To study the variation of electron PAI with the AL index, we choose the AL index to vary between 0 and -400 nT. The 2d distribution (Figure 4 panel e) does not exhibit any clear correlation between the PAI and the AL index. The PDF (Figure 4 panel f), however, shows a weak correlation between the two parameters, with the PAI increasing with decreasing AL. As the AL index is a measure of the substorm intensity, this means that with more severe substorms, the anisotropy increases. However, the correlation of PAI with the AL index is not as strong as the other two parameters.

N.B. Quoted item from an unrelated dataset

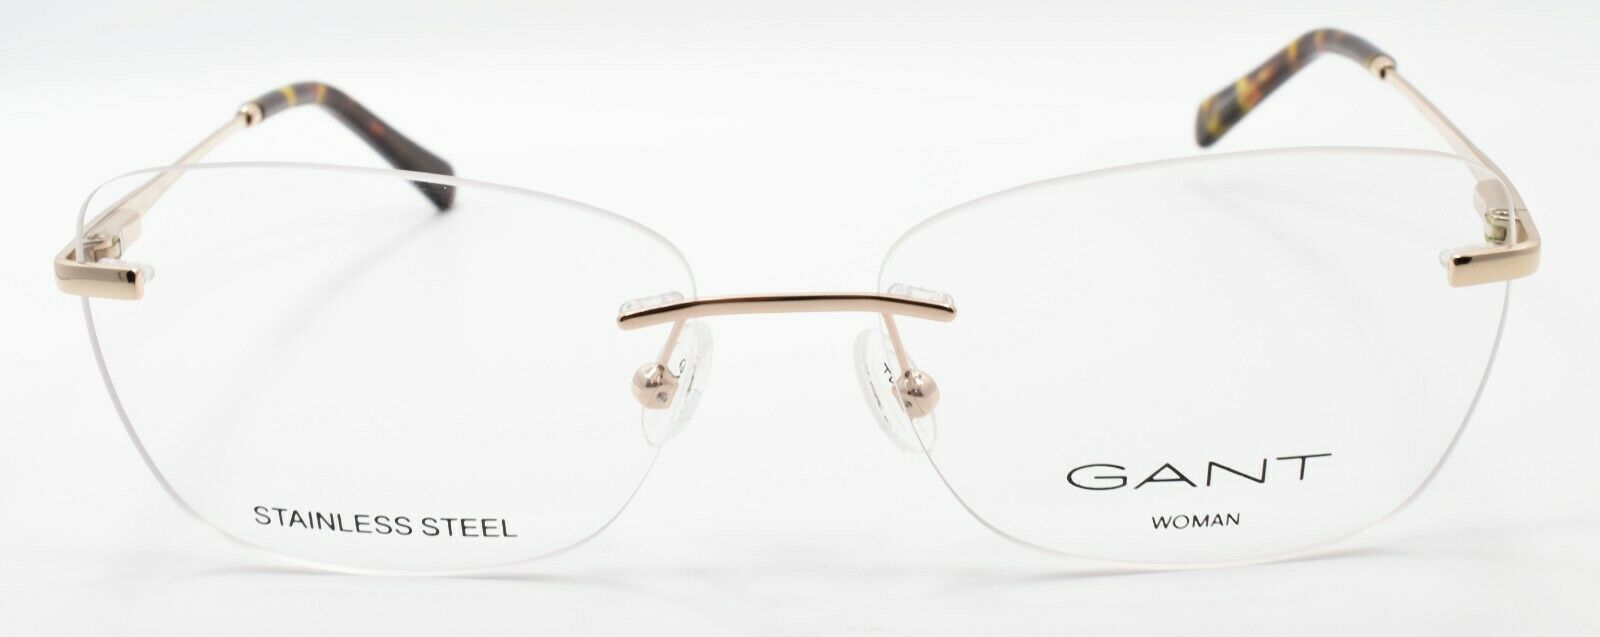 2-GANT GA4098 032 Women's Eyeglasses Frames Rimless 54-15-140 Pale Gold-889214147639-IKSpecs
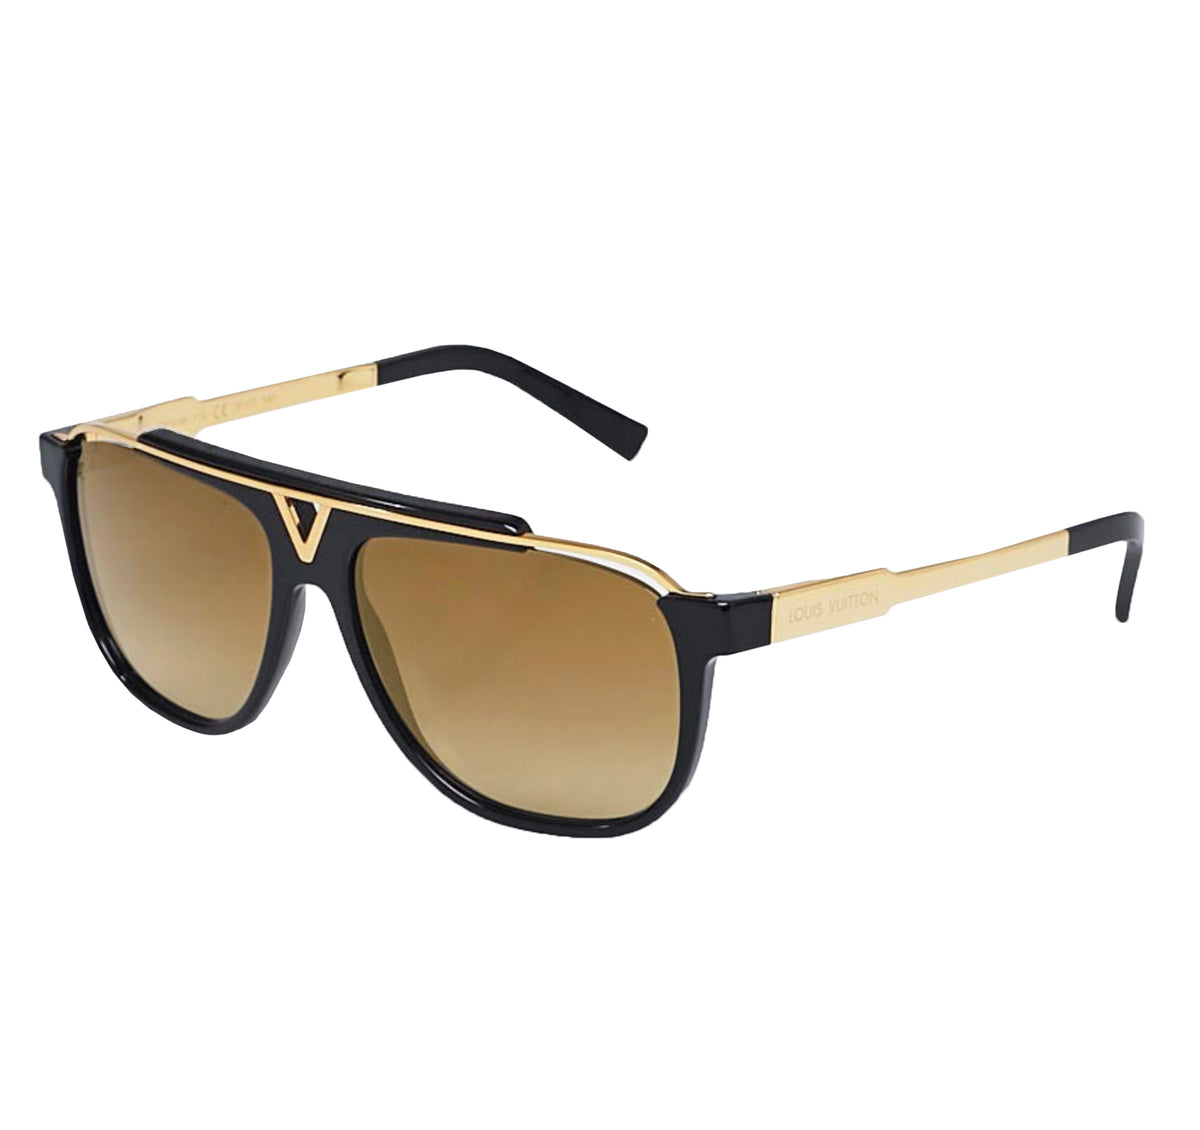 Louis Vuitton Mascot Sunglasses REVIEW

Figure 5 shows the 2d distribution (left column) and the PDF (right column) of butterfly PADs of 1.8 MeV electrons in the MLT sector 21–3 and L $>$ 5, in the same manner as in Figure 4. Similar to pancake distributions, the reason behind choosing this specific spatial range for butterfly distributions is that butterfly PADs are the most dominant distributions within this particular L-MLT sector (see Figure 3). One important point to note is that for butterfly PADs, a lower value of electron PAI indicates an enhanced anisotropy. Thus, the variation of PAI for butterfly PADs with each parameter is in the opposite sense to that for pancake PADs. With that in mind, from Figure 5, we can see that the overall variations of the butterfly electron PAI with the different parameters are quite similar to that for pancake PADs, such as: (i) from the 2d distributions (Figure 5 panels a, c, and e), we can see that most of the observations are limited to low values of the parameters and corresponding low PAI values, suggesting more quiet time data than disturbed time data, hence, the butterfly PADs being less anisotropic for most of the times. (ii) The anisotropy of butterfly PADs increases with increasing ${\text{P}}_{\mathit{dyn}}$ as evident from the PDF in Figure 5 panel b. (iii) For the SYM-H index, there are two ranges where the anisotropy of butterfly PADs is higher (Figure 5 panel d). One where the SYM-H index is positive and the other when the SYM-H index is negative, with a reduced anisotropy around SYM-H $\approx$ 0 nT. (iv) The anisotropy of butterfly PADs increases with decreasing AL index, i.e., with increasing substorm intensity (Figure 5 panel f). However, for butterfly distributions, the correlation between PAI and the drivers is strongest for ${\text{P}}_{\mathit{dyn}}$.

Figure 5

Figure 5. Same as in Figure 4 but for butterfly distribution of 1.8 MeV electrons on the nightside sector (MLT range 21–3, and L $>$ 5).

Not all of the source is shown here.